Substrate finding: The Archival Specialist's operator-verified table of contents for 17 CFR Part 23 records: "Subpart K [Reserved]" — it contains no sections of any kind. The segregation requirements for uncleared swap collateral are located in "Subpart L — Segregation of Assets Held as Collateral in Uncleared Swap Transactions, §§23.700–23.704."
Source-Verification Analyst finding: The cited eCFR URL leads to a page for Subpart K that, consistent with the substrate, displays a [Reserved] placeholder with no regulatory text. The citation is a Citation Error: the source cited does not support the claim it accompanies and in fact contradicts it — a user following the link would find no segregation provisions there.
Significance: The identical Subpart K / Subpart L misattribution appeared independently in a separate question (q6) within the same configuration, where the model attributed §23.704 to Subpart K while correctly identifying §23.704 as the last operative section of Part 23. The same error appearing across two differently-framed questions confirms a persistent structural mismap rather than a surface-level response artefact.
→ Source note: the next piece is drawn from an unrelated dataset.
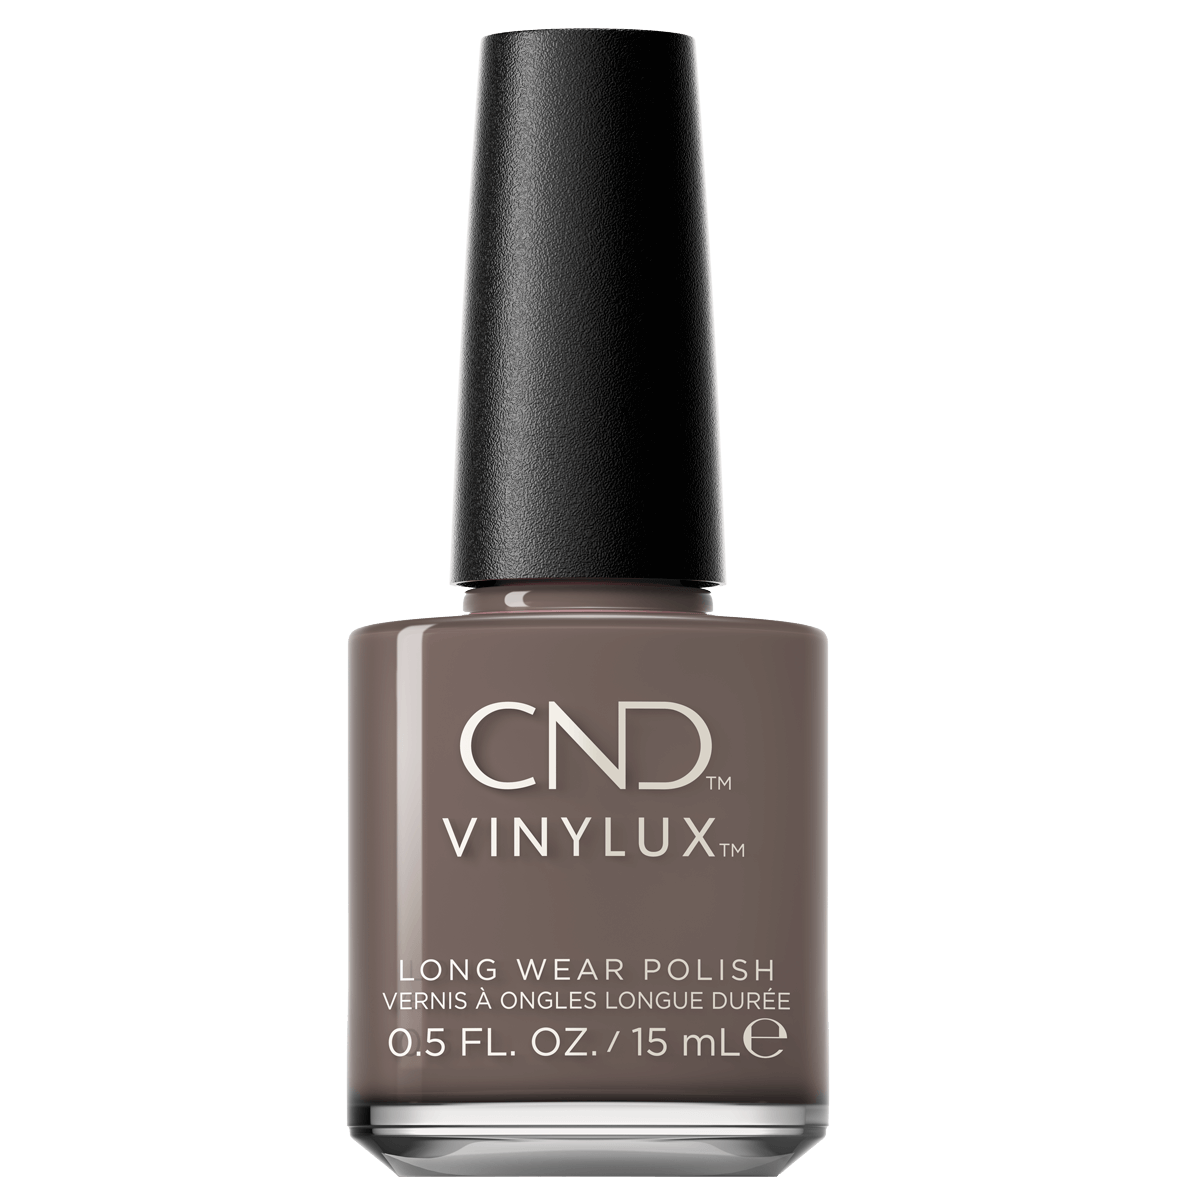 Vinylux CND Vernis à Ongles #429 Above my Pay Gray-ed 15mL

Case 2 — Federal Register Document-Retrieval Confusion
Configuration: opus-47-websearch | Severity: CRITICAL | Error mechanism: Version Confusion
Question asked: What document underlies the 2025 proposed revisions to Part 23, and what are its key regulatory identifiers?
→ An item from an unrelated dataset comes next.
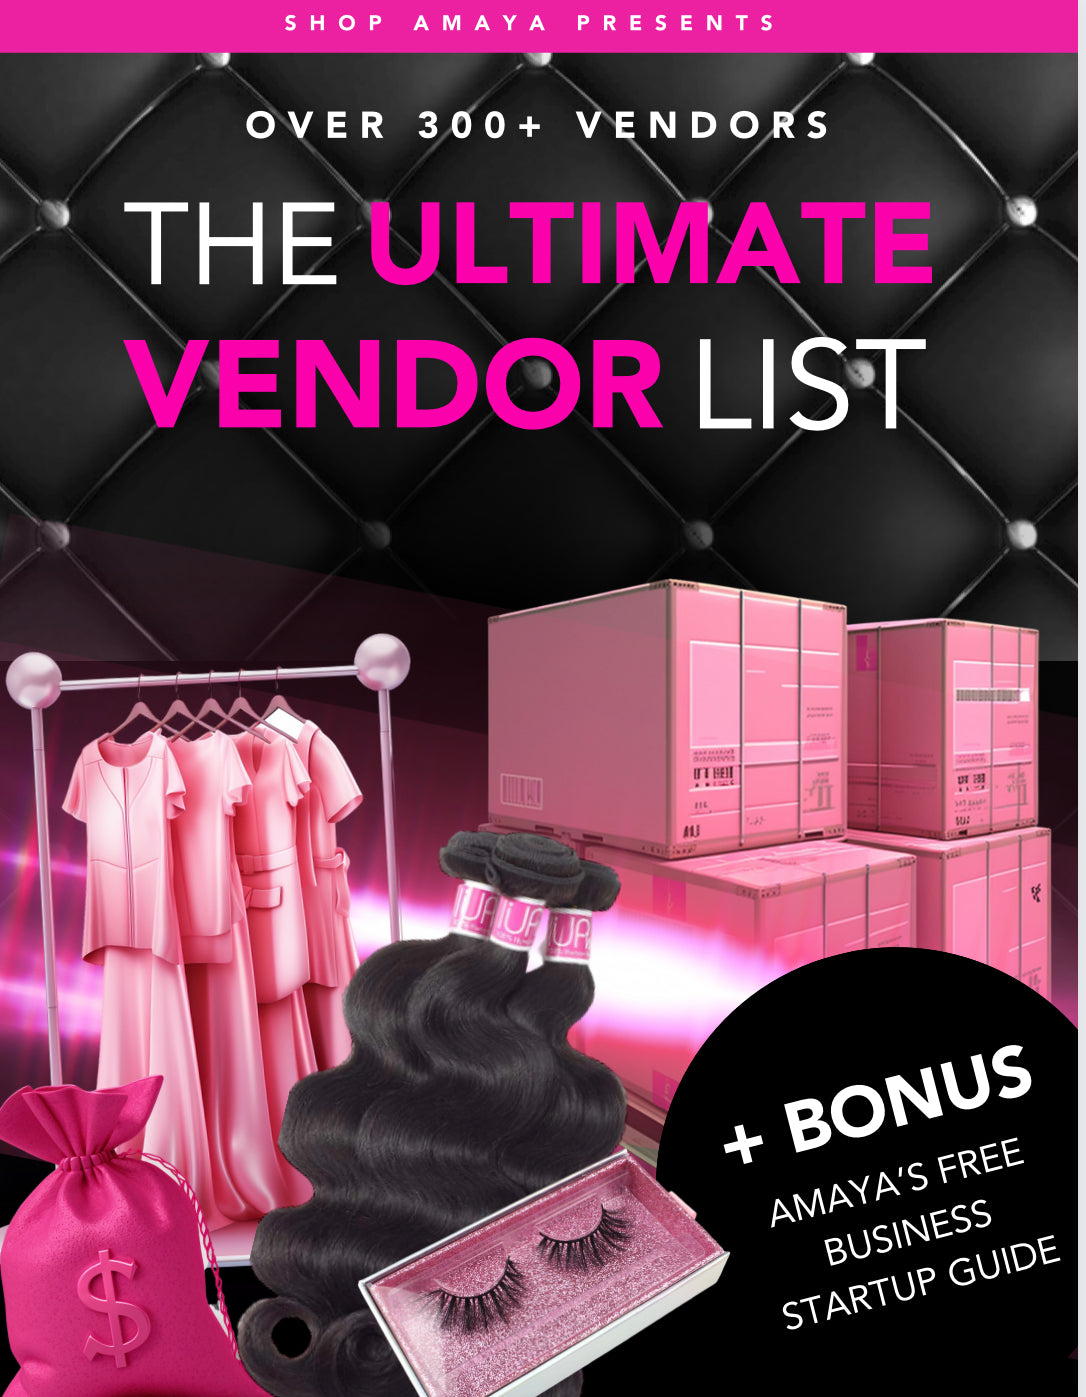 The Ultimate Vendor List + Business Startup Guide

AI's claim: The governing document is FR Doc. 2025-23953, cited at 90 FR 61226, and it is a final rule.
Substrate finding: The substrate's 2025 rulemaking document is FR Doc. 2025-18924, published at 90 FR 47136 (pages 47136–47168) on September 30, 2025. Its document type is explicitly Proposed Rule — a Notice of Proposed Rulemaking — with a public comment deadline of October 24, 2025 and no effective date. No document bearing FR Doc. 2025-23953 or the citation 90 FR 61226 appears anywhere in the substrate; both identifiers correspond to a different, distinct CFTC filing.
Source-Verification Analyst finding: The Source-Verification Analyst examined three URLs cited by the model. On the primary cited Federal Register URL, a Citation Error was confirmed: the URL encodes a different filing date from the actual document and resolves to a different document number (2025-23953 vs. 2025-18924) and a different page range (90 FR 61226 vs. 90 FR 47136). A CFTC press release URL cited by the model resolved correctly but covered a distinct subsequent document, not the proposed rulemaking under study.
Significance: Both specific citation identifiers — FR document number and FR volume-and-page — are wrong and correspond to a different real CFTC filing. The document-type mischaracterisation compounds the error materially: a proposed rule and a final rule have entirely different legal effects and different research pathways. A compliance professional relying on this response to locate the governing document would be given unfindable or misdirecting identifiers, and would misunderstand the document's legal status. This is the only CRITICAL-severity finding in this study.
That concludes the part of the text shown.